Use the group() method to create a $group pipeline stage to group documents by a specified expression and output a document for each distinct grouping.

Tip

The driver includes the Accumulators class with static factory methods for each of the supported accumulators.

The following example creates a pipeline stage that groups documents by the value of the customerId field. Each group accumulates the sum and average of the values of the quantity field into the totalQuantity and averageQuantity fields.

group("$customerId", sum("totalQuantity", "$quantity"), avg("averageQuantity", "$quantity"));

Use the unwind() method to create an $unwind pipeline stage to deconstruct an array field from input documents, creating an output document for each array element.

The following example creates a document for each element in the sizes array:

unwind("$sizes");

To preserve documents that have missing or null values for the array field, or where array is empty:

unwind("$sizes", new UnwindOptions().preserveNullAndEmptyArrays(true));

To include the array index, in this example in a field called "position":

unwind("$sizes", new UnwindOptions().includeArrayIndex("position"));

Use the out() method to create an $out pipeline stage that writes all documents to the specified collection in the same database.

Important

The $out stage must be the last stage in any aggregation pipeline.

The following example writes the results of the pipeline to the authors collection:

out("authors");

Use the merge() method to create a $merge pipeline stage that merges all documents into the specified collection.

Important

The $merge stage must be the last stage in any aggregation pipeline.
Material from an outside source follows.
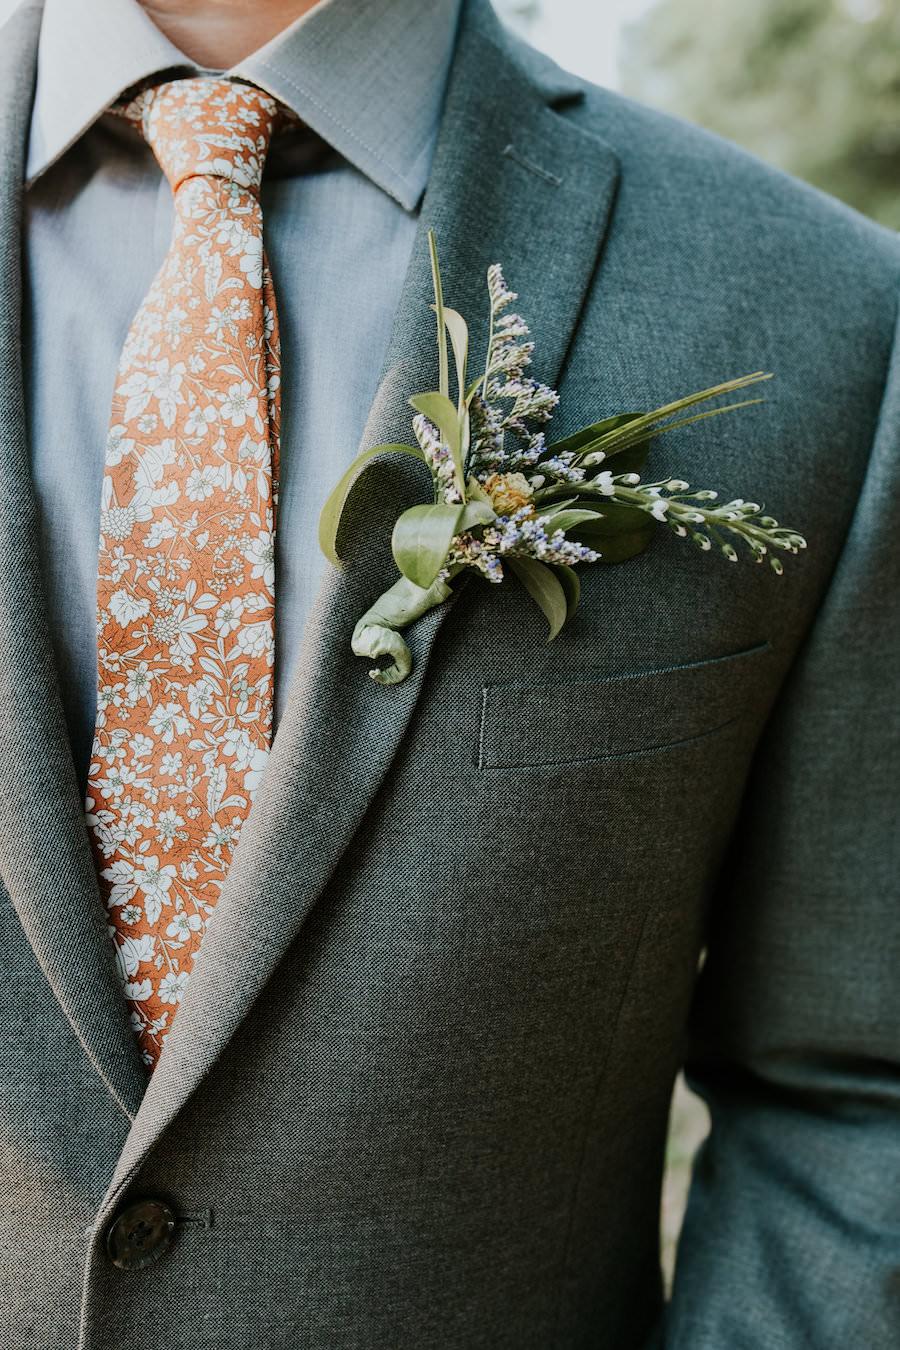 Greenery and Lavender Wedding Boutonniere with Orange Groomsmen Tie   Retro Vintage Boho Wedding Inspiration   Tampa Wedding Florist Northside Florist
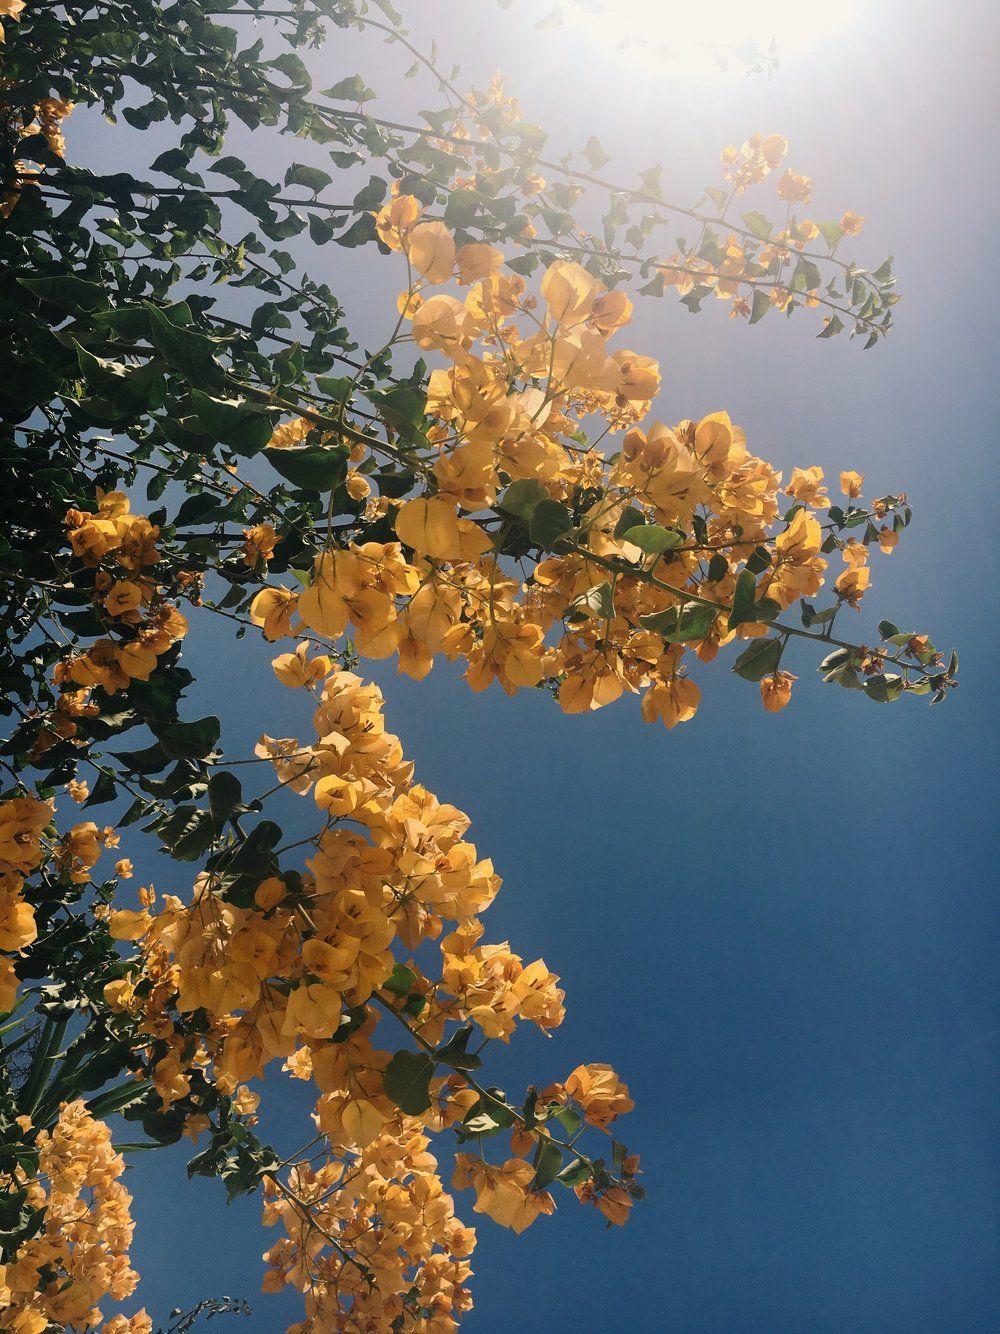 ᴍɪʀᴢʜɴᴀɴɪᴀᴀᴀ With Images Flower Aesthetic Nature

The following example merges the pipeline into the authors collection using the default options:

merge("authors");

The following example merges the pipeline into the customers collection in the reporting database using some options that specify to replace the document if both date and customerId match, otherwise insert the document:

merge(new MongoNamespace("reporting", "customers"),
new MergeOptions().uniqueIdentifier(asList("date", "customerId"))
.whenMatched(MergeOptions.WhenMatched.REPLACE)
.whenNotMatched(MergeOptions.WhenNotMatched.INSERT));

Use the graphLookup() method to create a $graphLookup pipeline stage that performs a recursive search on a specified collection to match a specified field in one document to a specified field of another document.

The following example computes the social network graph for users in the contacts collection, recursively matching the value in the friends field to the name field:

graphLookup("contacts", "$friends", "friends", "name", "socialNetwork");

Using GraphLookupOptions, you can specify the depth to recurse as well as the name of the depth field, if desired. In this example, $graphLookup will recurse up to two times, and create a field called degrees with the recursion depth information for every document.

graphLookup("contacts", "$friends", "friends", "name", "socialNetwork",
new GraphLookupOptions().maxDepth(2).depthField("degrees"));

Using GraphLookupOptions, you can specify a filter that documents must match in order for MongoDB to include them in your search. In this example, only links with "golf" in their hobbies field will be included.

graphLookup("contacts", "$friends", "friends", "name", "socialNetwork",
new GraphLookupOptions().maxDepth(1).restrictSearchWithMatch(eq("hobbies", "golf")));

Use the sortByCount() method to create a $sortByCount pipeline stage that groups documents by a given expression and then sorts these groups by count in descending order.

Tip

The $sortByCount stage is identical to a $group stage with a $sum accumulator followed by a $sort stage.

[
{ "$group": { "_id": <expression to group on>, "count": { "$sum": 1 } } },
{ "$sort": { "count": -1 } }
]

The following example groups documents by the truncated value of the field x and computes the count for each distinct value:

sortByCount(new Document("$floor", "$x"));

Use the replaceRoot() method to create a $replaceRoot pipeline stage that replaces each input document with the specified document.

The following example replaces each input document with the nested document in the spanish_translation field:

replaceRoot("$spanish_translation");

Use the addFields() method to create an $addFields pipeline stage that adds new fields to documents.

Tip

Use $addFields when you do not want to project field inclusion or exclusion.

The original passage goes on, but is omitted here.